▸ **Data shown**
= = =

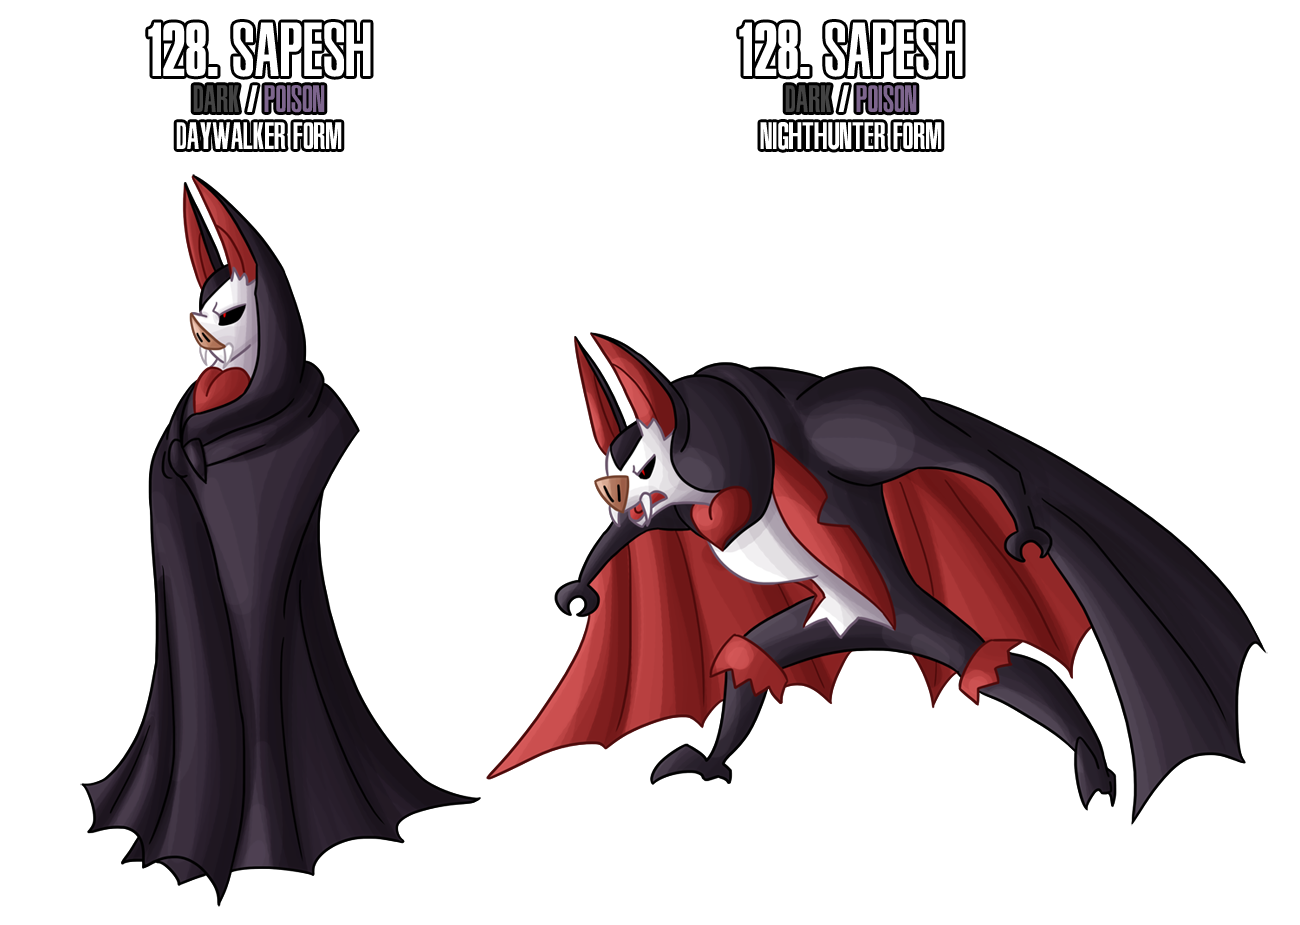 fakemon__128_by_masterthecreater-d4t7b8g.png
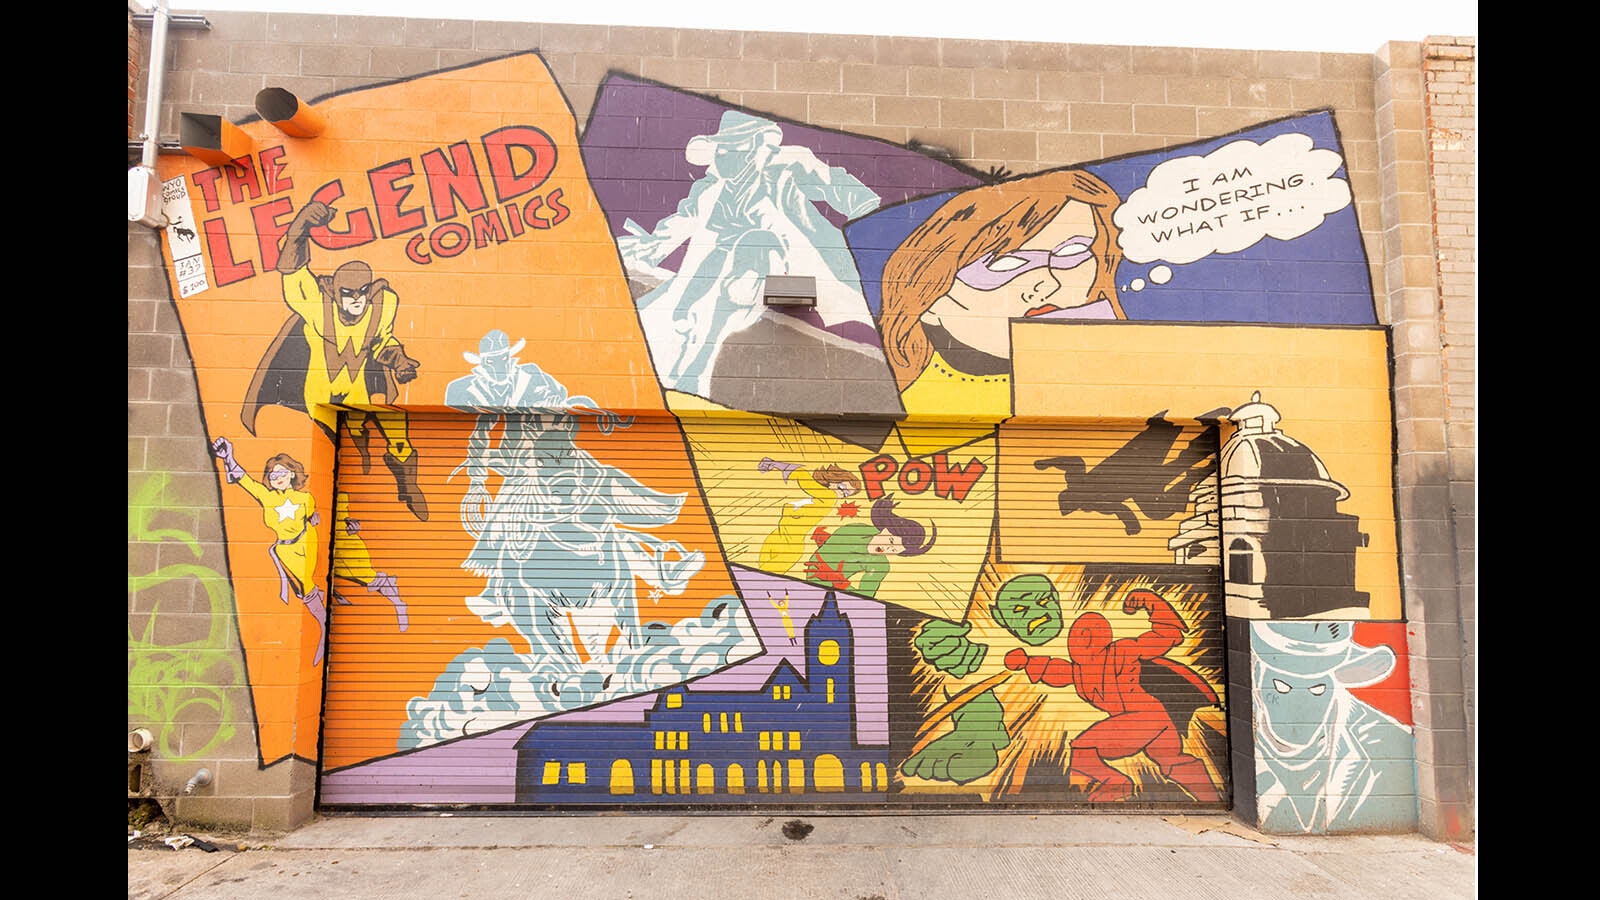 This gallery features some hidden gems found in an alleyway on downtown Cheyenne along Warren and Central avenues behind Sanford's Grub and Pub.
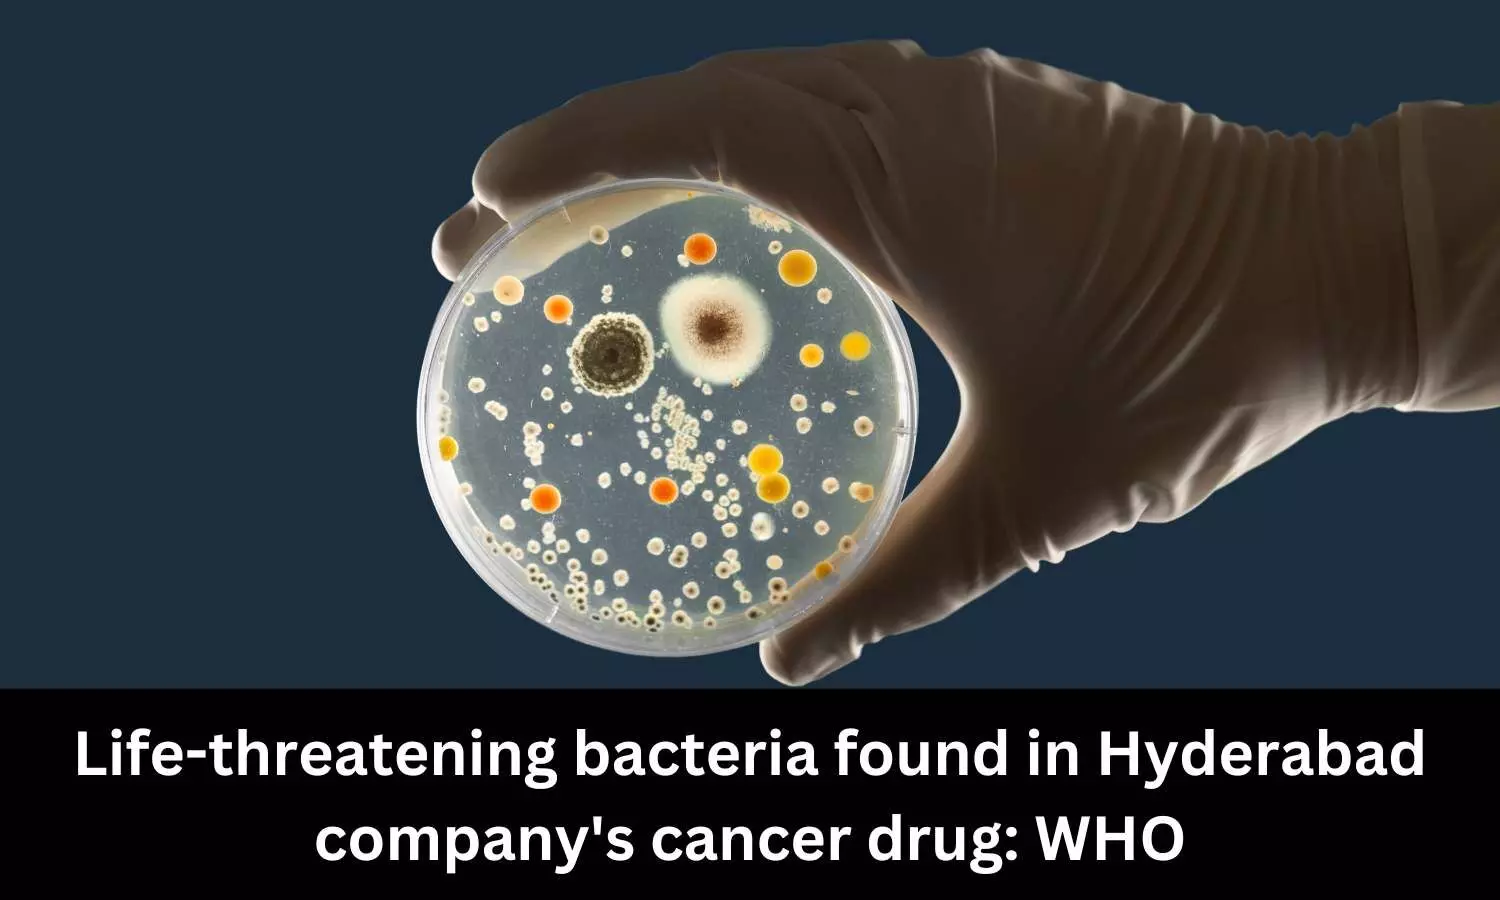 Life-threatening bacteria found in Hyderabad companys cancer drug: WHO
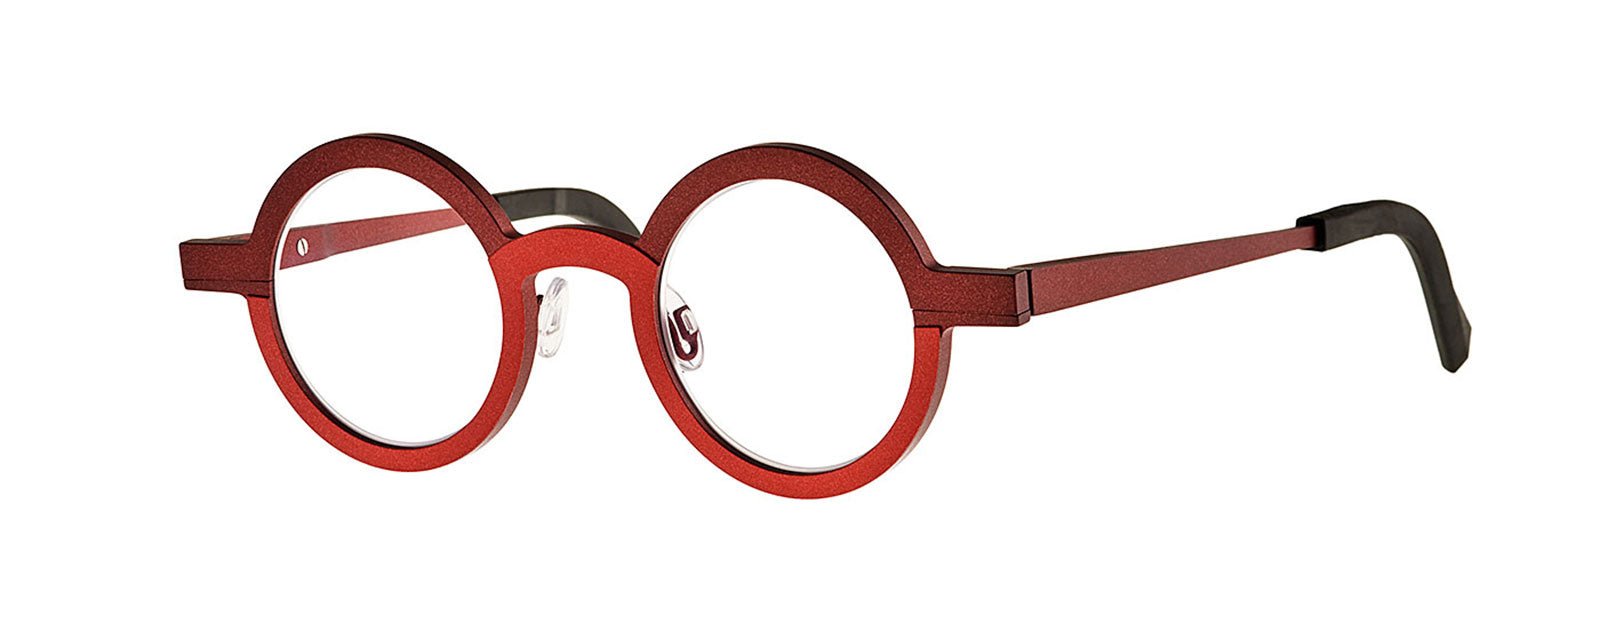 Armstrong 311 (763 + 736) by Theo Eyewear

= = =

▸ **Goal of the exercise**
Restate each line of the material word for word, skipping any picture.

▸ **Solved problem**
 fakemon__128_by_masterthecreater-d4t7b8g.png
 This gallery features some hidden gems found in an alleyway on downtown Cheyenne along Warren and Central avenues behind Sanford's Grub and Pub.
 Life-threatening bacteria found in Hyderabad companys cancer drug: WHO
 Armstrong 311 (763 + 736) by Theo Eyewear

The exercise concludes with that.